Exercise directions: Read through the data and report every line in which the word "Banque" occurs.

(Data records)

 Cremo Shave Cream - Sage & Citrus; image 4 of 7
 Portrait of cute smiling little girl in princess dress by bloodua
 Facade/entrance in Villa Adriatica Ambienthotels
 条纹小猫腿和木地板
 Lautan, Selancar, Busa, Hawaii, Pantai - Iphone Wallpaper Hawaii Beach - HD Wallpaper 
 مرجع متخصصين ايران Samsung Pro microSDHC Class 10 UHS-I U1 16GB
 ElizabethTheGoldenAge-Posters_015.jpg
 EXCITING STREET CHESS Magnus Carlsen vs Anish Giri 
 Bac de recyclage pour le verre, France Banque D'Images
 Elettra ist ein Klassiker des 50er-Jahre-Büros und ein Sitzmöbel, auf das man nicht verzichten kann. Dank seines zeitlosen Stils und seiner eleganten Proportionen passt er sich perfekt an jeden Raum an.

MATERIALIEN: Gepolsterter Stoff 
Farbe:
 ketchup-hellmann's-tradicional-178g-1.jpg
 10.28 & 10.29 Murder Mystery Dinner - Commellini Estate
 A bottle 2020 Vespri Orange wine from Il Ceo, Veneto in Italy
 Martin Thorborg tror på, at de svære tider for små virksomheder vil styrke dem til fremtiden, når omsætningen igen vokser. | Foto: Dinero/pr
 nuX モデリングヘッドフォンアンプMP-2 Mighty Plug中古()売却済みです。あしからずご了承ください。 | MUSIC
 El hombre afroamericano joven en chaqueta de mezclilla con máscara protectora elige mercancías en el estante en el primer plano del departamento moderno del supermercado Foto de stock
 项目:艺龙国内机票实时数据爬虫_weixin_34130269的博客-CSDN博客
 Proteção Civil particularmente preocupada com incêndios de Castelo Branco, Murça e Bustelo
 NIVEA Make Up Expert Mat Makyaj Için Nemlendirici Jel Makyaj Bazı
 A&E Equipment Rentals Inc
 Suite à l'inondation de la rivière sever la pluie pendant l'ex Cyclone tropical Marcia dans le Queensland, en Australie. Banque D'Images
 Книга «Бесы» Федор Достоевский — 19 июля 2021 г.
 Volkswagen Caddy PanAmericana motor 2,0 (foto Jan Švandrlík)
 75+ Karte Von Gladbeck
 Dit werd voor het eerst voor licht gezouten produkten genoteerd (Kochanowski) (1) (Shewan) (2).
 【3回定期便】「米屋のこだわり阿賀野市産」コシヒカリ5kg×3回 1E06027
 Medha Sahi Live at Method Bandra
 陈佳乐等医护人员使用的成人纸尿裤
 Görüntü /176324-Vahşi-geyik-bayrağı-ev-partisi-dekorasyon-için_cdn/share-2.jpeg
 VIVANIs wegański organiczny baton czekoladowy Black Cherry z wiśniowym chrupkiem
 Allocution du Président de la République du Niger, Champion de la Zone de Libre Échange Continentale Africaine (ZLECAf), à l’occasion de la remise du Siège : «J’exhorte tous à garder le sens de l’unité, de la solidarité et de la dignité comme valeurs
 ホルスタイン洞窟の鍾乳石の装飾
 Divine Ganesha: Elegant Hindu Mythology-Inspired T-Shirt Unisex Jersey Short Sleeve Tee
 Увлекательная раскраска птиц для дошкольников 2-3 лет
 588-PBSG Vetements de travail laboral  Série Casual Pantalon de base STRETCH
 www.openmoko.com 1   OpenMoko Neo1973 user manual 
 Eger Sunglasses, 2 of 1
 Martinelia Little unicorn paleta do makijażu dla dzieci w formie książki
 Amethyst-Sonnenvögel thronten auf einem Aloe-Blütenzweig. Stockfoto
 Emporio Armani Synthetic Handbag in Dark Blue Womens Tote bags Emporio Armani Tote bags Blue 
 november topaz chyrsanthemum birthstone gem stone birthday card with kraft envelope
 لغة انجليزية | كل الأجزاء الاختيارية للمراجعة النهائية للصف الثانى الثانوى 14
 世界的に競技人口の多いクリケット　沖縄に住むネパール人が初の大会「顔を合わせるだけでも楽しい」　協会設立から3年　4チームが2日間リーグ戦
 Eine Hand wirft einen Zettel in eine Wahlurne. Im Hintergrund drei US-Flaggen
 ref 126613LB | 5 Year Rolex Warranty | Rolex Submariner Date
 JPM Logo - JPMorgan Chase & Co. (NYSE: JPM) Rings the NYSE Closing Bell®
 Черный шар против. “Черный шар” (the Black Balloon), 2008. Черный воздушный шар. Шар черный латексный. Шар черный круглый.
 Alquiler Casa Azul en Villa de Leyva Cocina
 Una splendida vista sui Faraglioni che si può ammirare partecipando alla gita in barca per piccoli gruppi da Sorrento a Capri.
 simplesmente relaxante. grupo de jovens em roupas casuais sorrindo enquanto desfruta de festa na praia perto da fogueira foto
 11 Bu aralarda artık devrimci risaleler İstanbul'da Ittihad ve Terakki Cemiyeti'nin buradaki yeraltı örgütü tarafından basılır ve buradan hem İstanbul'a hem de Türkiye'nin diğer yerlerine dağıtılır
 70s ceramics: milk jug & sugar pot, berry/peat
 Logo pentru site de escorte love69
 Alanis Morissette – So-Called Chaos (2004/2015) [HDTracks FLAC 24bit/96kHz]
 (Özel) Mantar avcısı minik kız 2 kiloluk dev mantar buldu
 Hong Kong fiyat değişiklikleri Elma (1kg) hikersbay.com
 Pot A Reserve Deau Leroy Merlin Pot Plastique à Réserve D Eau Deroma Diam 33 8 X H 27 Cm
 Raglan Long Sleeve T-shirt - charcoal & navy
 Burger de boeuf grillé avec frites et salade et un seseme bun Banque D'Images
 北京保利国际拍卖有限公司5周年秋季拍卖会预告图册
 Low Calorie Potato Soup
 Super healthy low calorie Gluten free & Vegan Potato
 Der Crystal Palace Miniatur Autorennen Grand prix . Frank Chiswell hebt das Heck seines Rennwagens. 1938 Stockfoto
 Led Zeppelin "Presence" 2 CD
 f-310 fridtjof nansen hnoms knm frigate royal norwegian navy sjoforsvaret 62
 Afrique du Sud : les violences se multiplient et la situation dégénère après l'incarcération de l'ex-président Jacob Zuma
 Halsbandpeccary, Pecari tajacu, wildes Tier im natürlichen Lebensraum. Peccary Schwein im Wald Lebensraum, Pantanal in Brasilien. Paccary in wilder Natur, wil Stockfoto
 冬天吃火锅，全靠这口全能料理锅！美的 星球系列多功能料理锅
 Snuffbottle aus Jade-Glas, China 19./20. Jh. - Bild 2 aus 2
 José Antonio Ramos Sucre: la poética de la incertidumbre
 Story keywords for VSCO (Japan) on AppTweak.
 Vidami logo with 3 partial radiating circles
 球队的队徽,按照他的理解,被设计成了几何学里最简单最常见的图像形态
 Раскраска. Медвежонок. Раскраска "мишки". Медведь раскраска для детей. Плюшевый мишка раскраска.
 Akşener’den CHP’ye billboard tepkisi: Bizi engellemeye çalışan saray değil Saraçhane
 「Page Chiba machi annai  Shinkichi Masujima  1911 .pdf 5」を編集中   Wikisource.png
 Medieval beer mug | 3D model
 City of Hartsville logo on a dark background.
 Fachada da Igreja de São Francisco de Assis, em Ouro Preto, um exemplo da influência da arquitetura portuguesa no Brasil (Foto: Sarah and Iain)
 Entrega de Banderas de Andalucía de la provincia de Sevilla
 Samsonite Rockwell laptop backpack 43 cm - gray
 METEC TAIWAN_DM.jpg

Solved problem:
 Bac de recyclage pour le verre, France Banque D'Images
 Suite à l'inondation de la rivière sever la pluie pendant l'ex Cyclone tropical Marcia dans le Queensland, en Australie. Banque D'Images
 Burger de boeuf grillé avec frites et salade et un seseme bun Banque D'Images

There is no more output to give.